What to do: When you write out the listing below, keep each word exactly as it stands and drop the pictures.

Data shown:
►
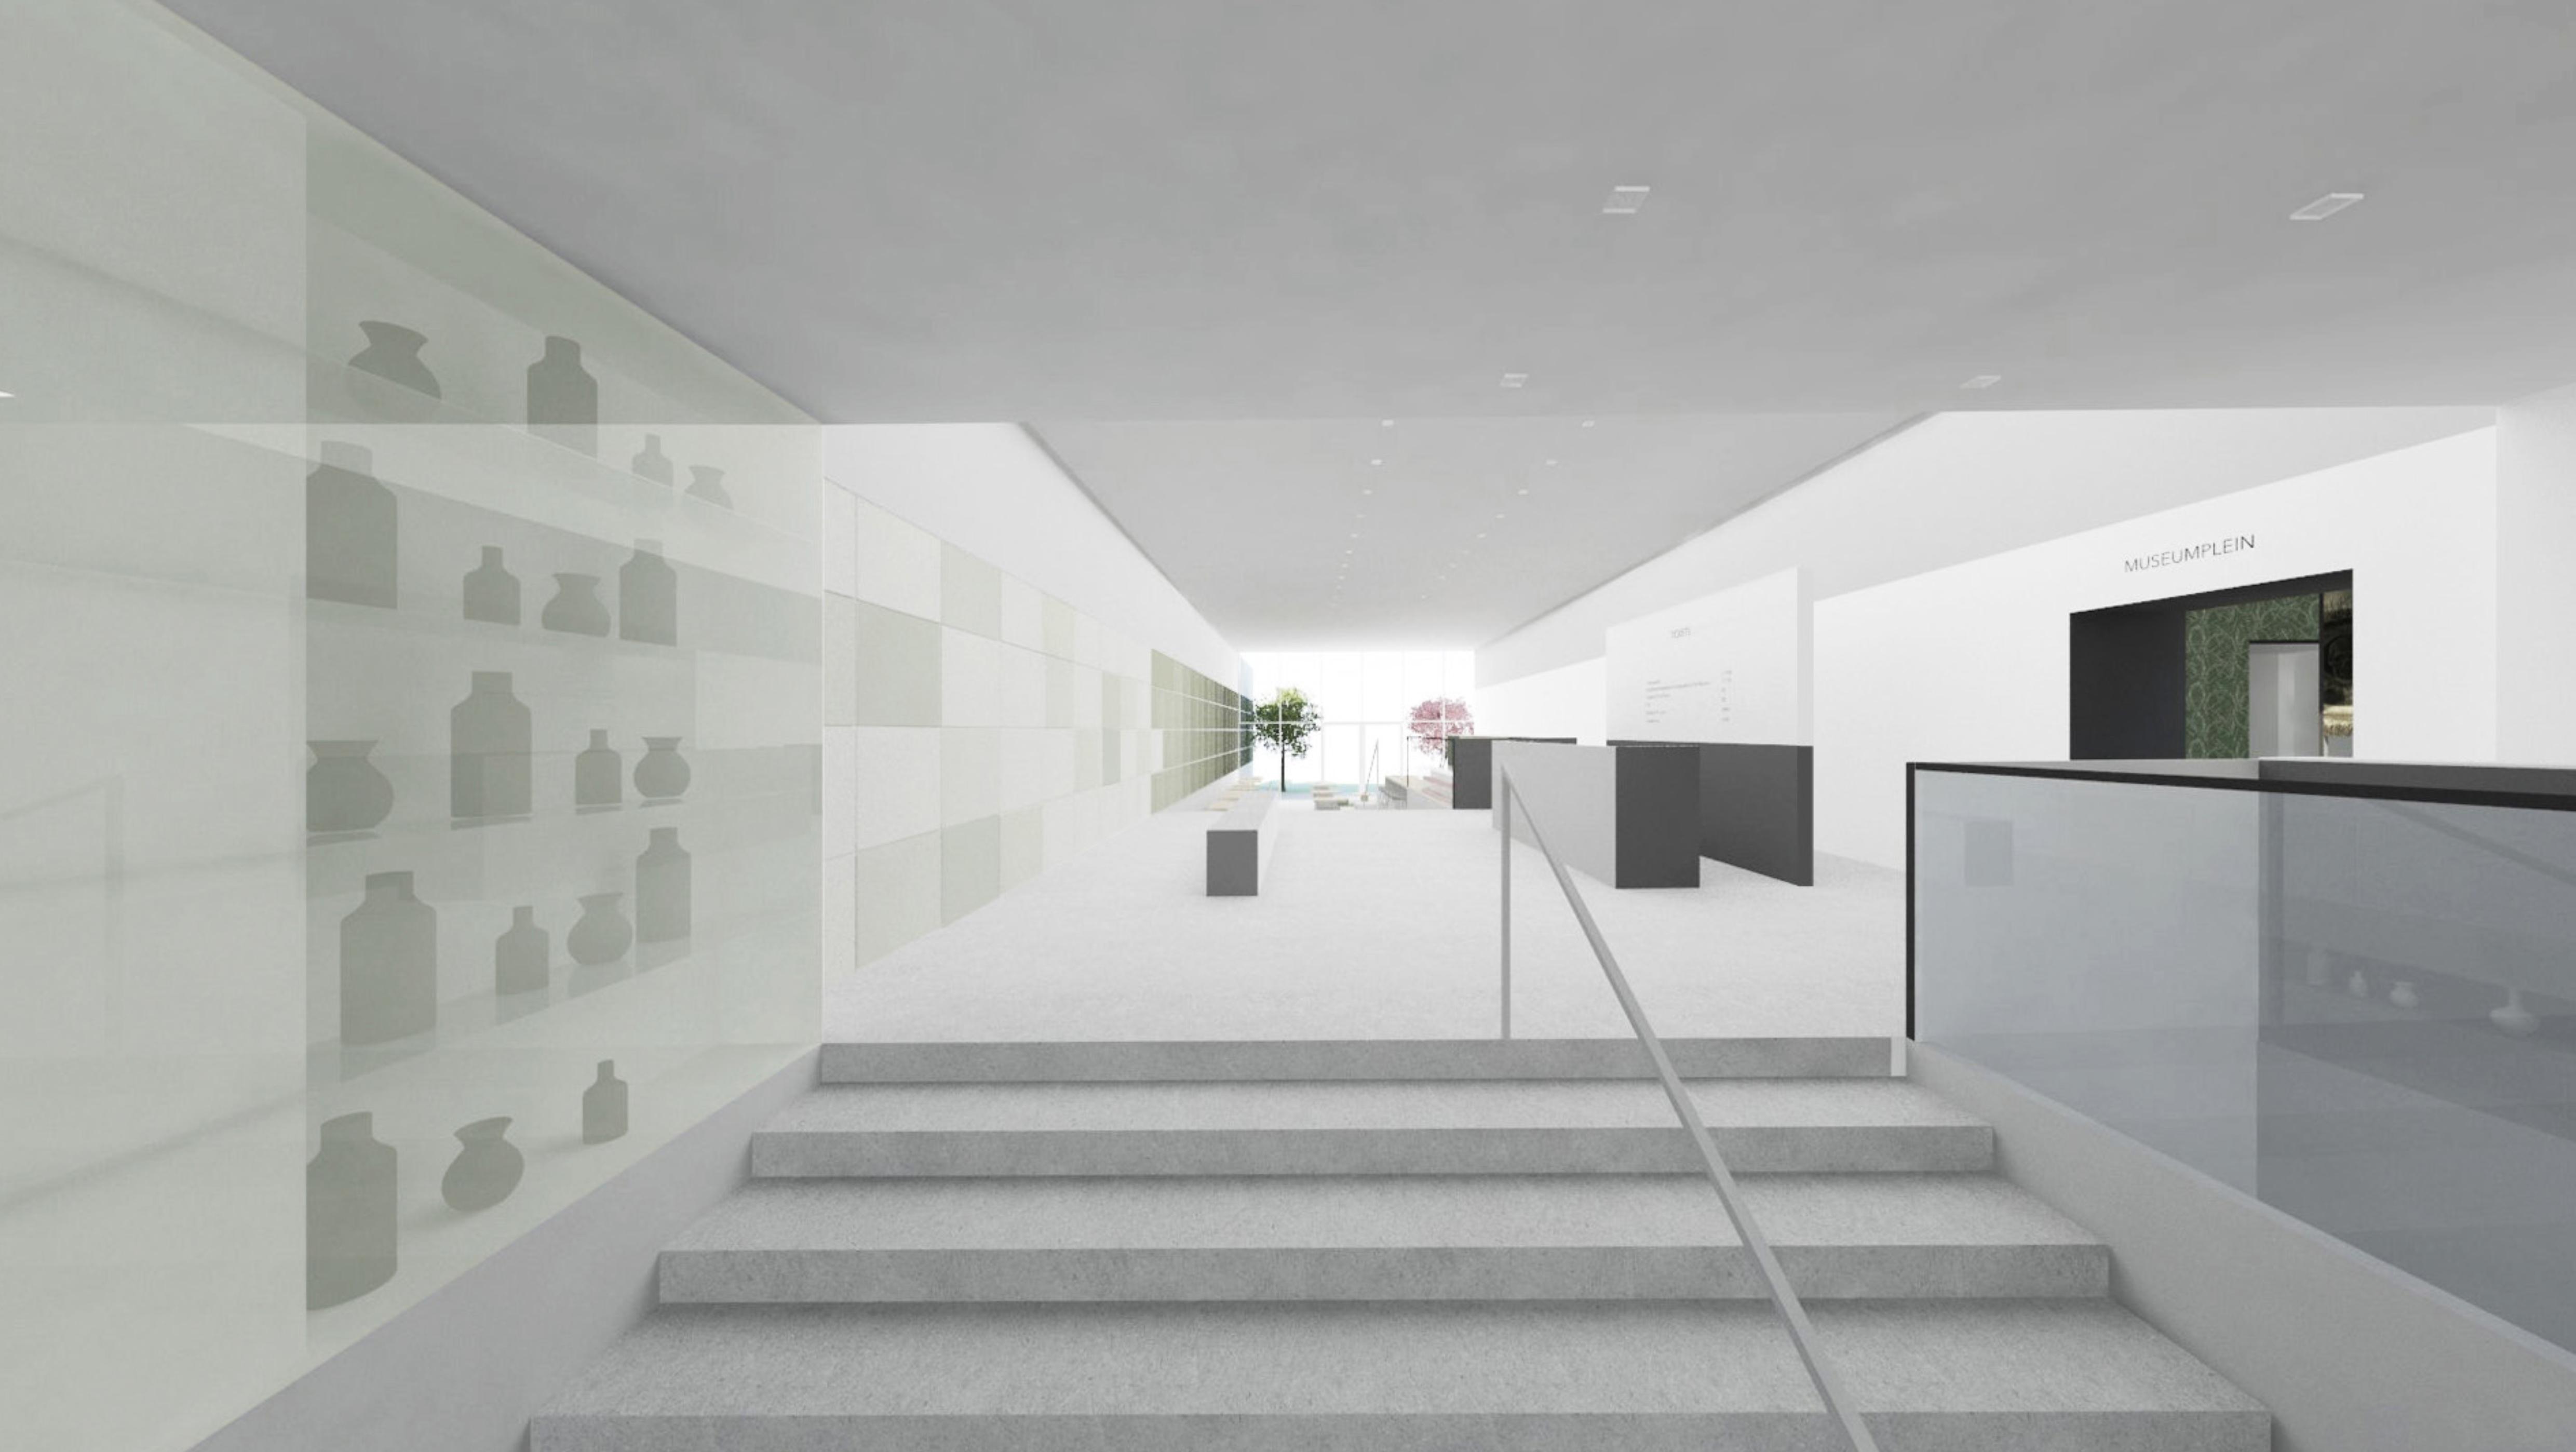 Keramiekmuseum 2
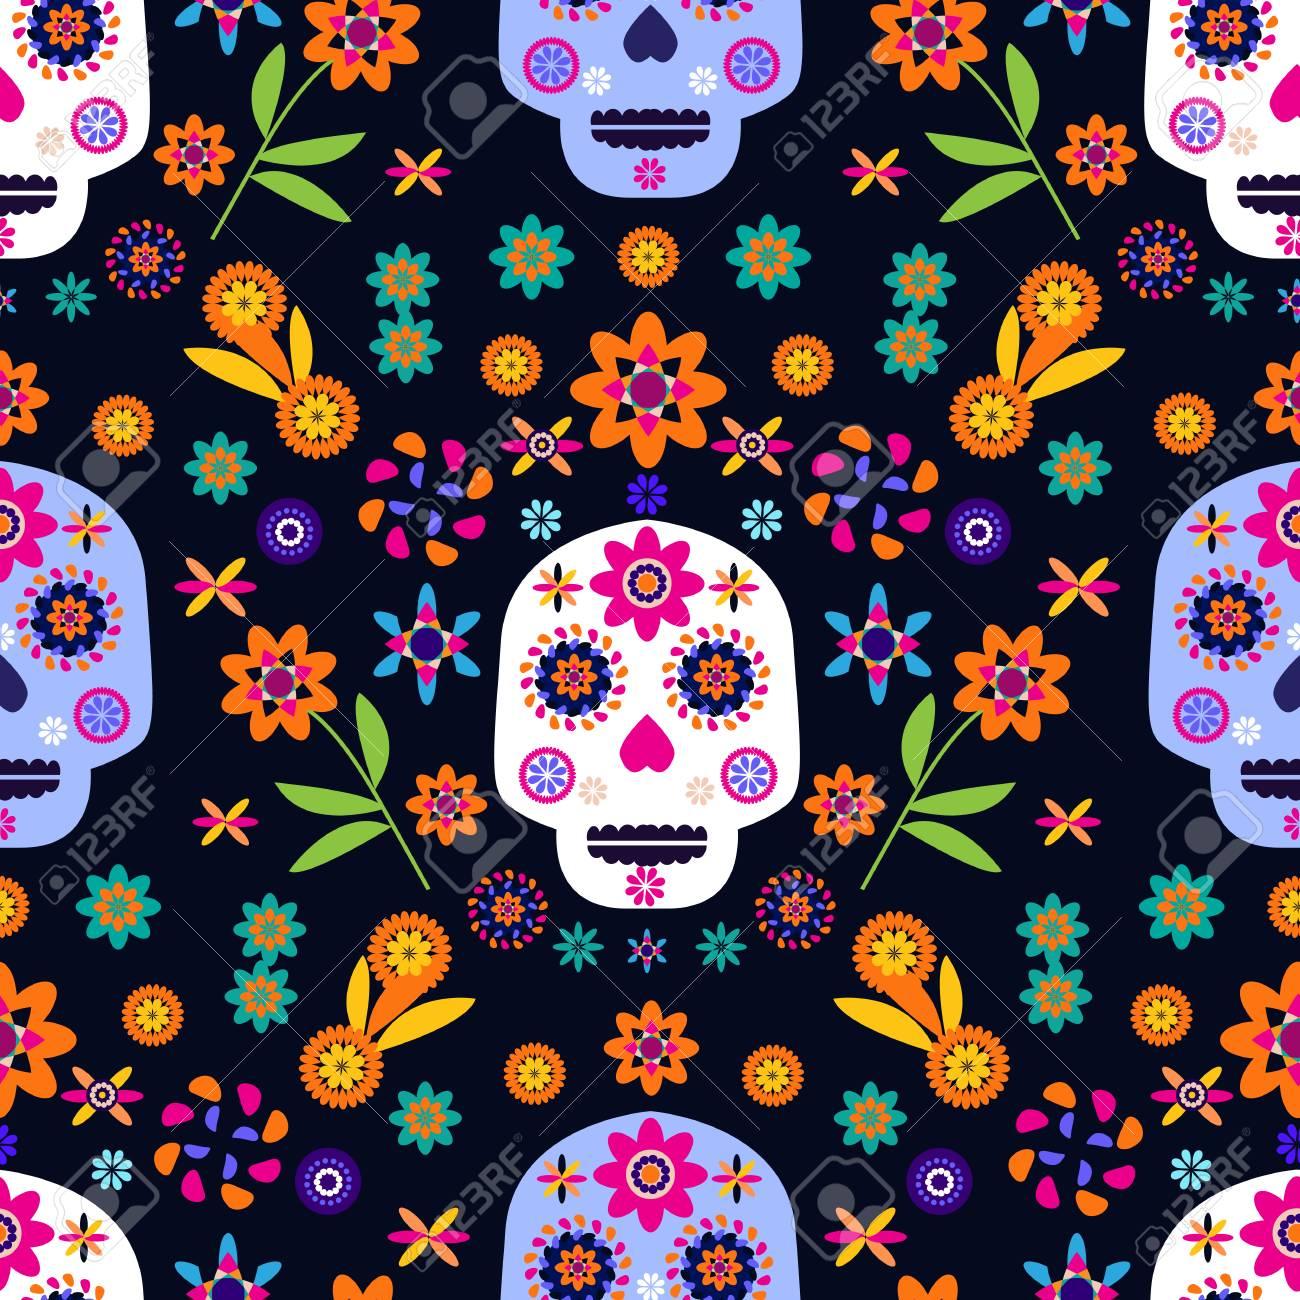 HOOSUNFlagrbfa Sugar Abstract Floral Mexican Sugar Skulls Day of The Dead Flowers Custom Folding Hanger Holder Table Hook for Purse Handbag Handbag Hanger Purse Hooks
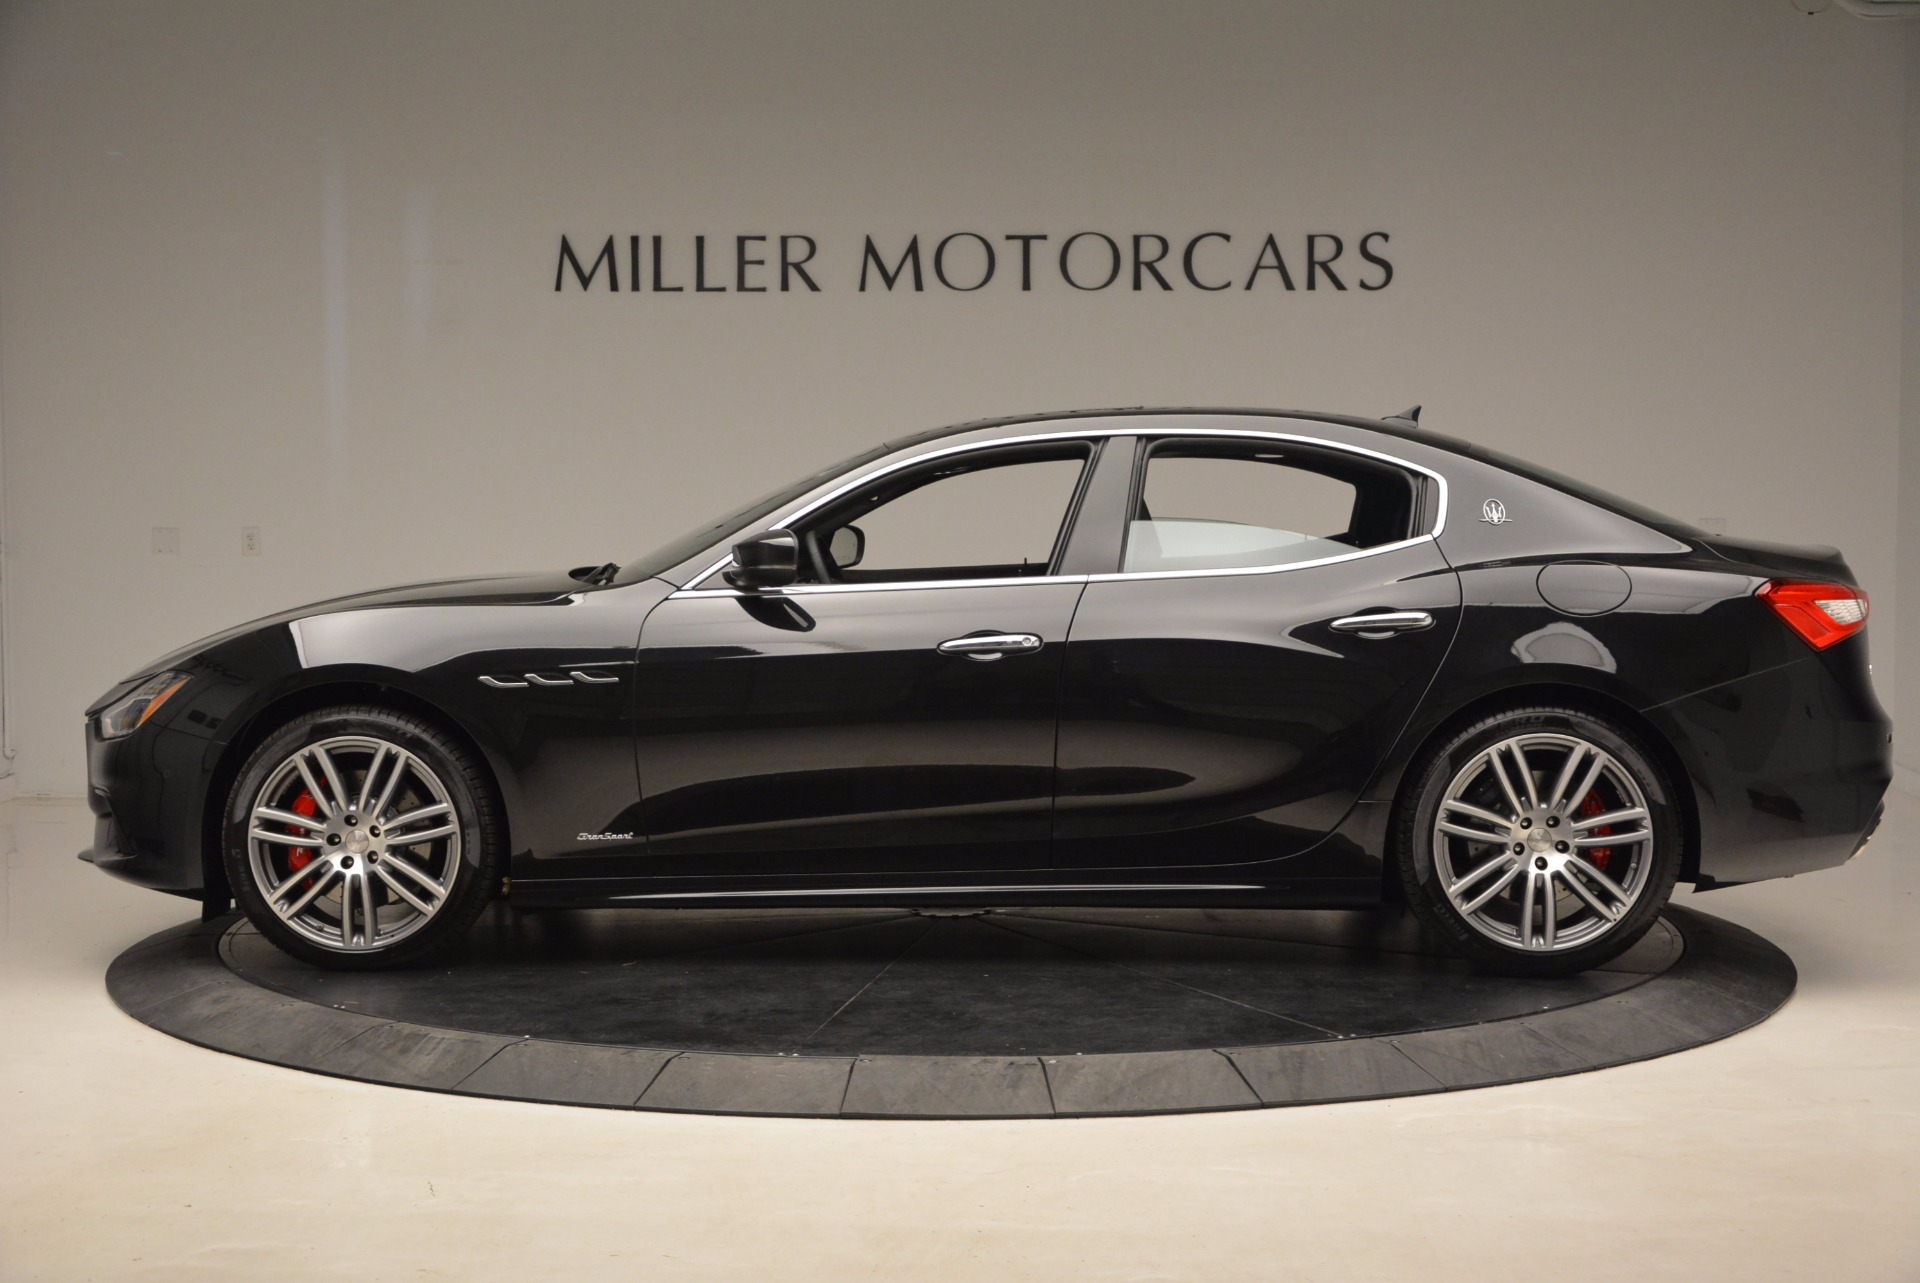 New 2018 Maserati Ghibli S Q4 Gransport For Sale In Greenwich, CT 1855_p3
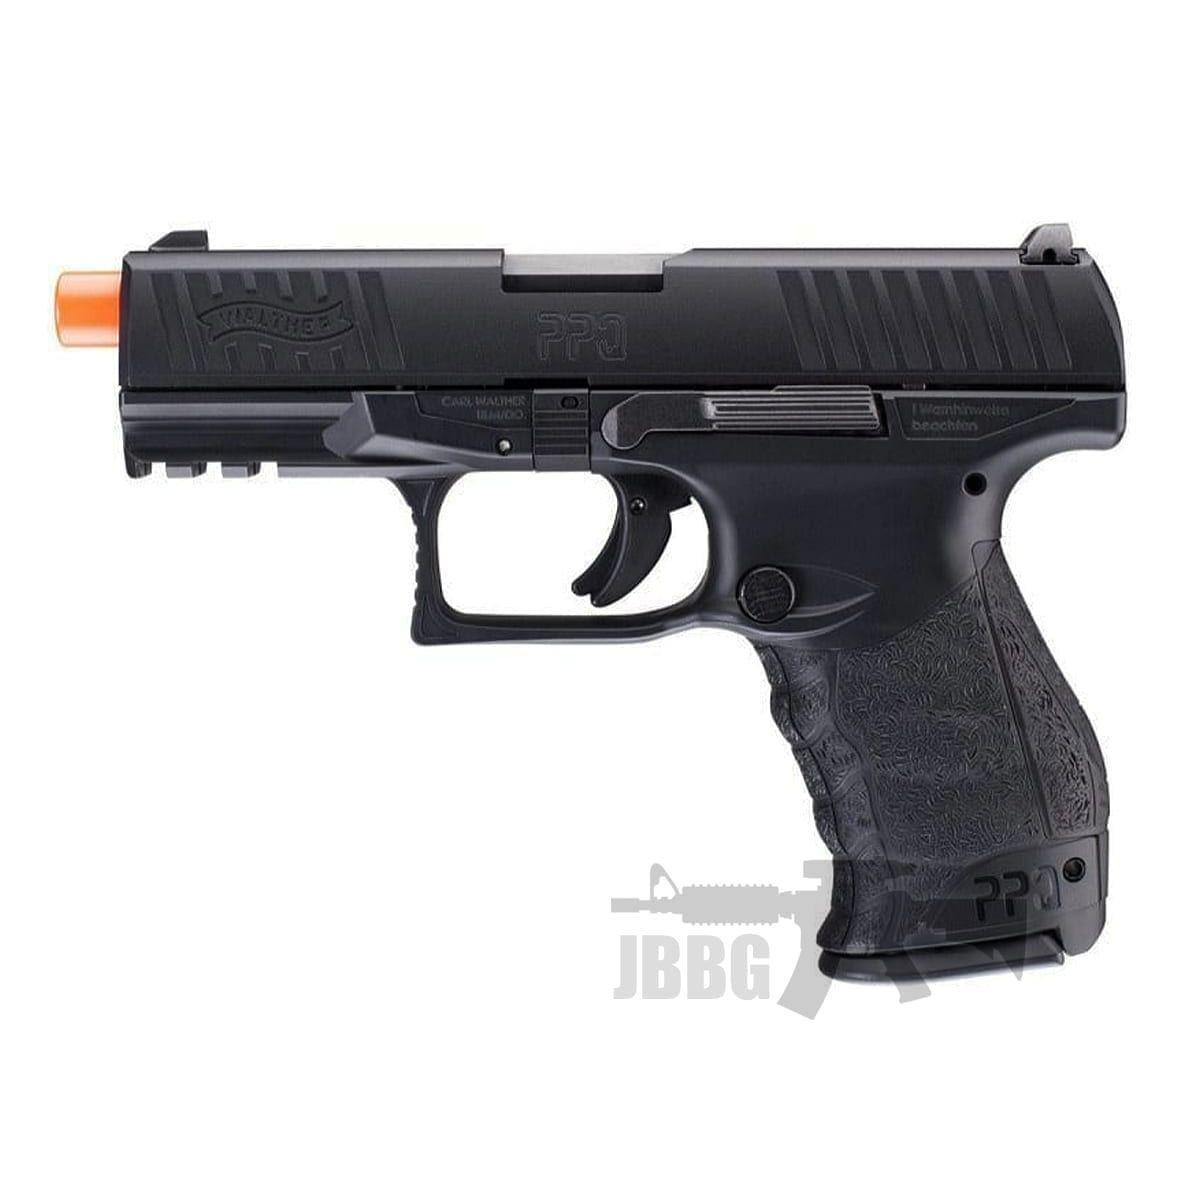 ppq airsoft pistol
◄
Task response:
 Keramiekmuseum 2
 HOOSUNFlagrbfa Sugar Abstract Floral Mexican Sugar Skulls Day of The Dead Flowers Custom Folding Hanger Holder Table Hook for Purse Handbag Handbag Hanger Purse Hooks
 New 2018 Maserati Ghibli S Q4 Gransport For Sale In Greenwich, CT 1855_p3
 ppq airsoft pistol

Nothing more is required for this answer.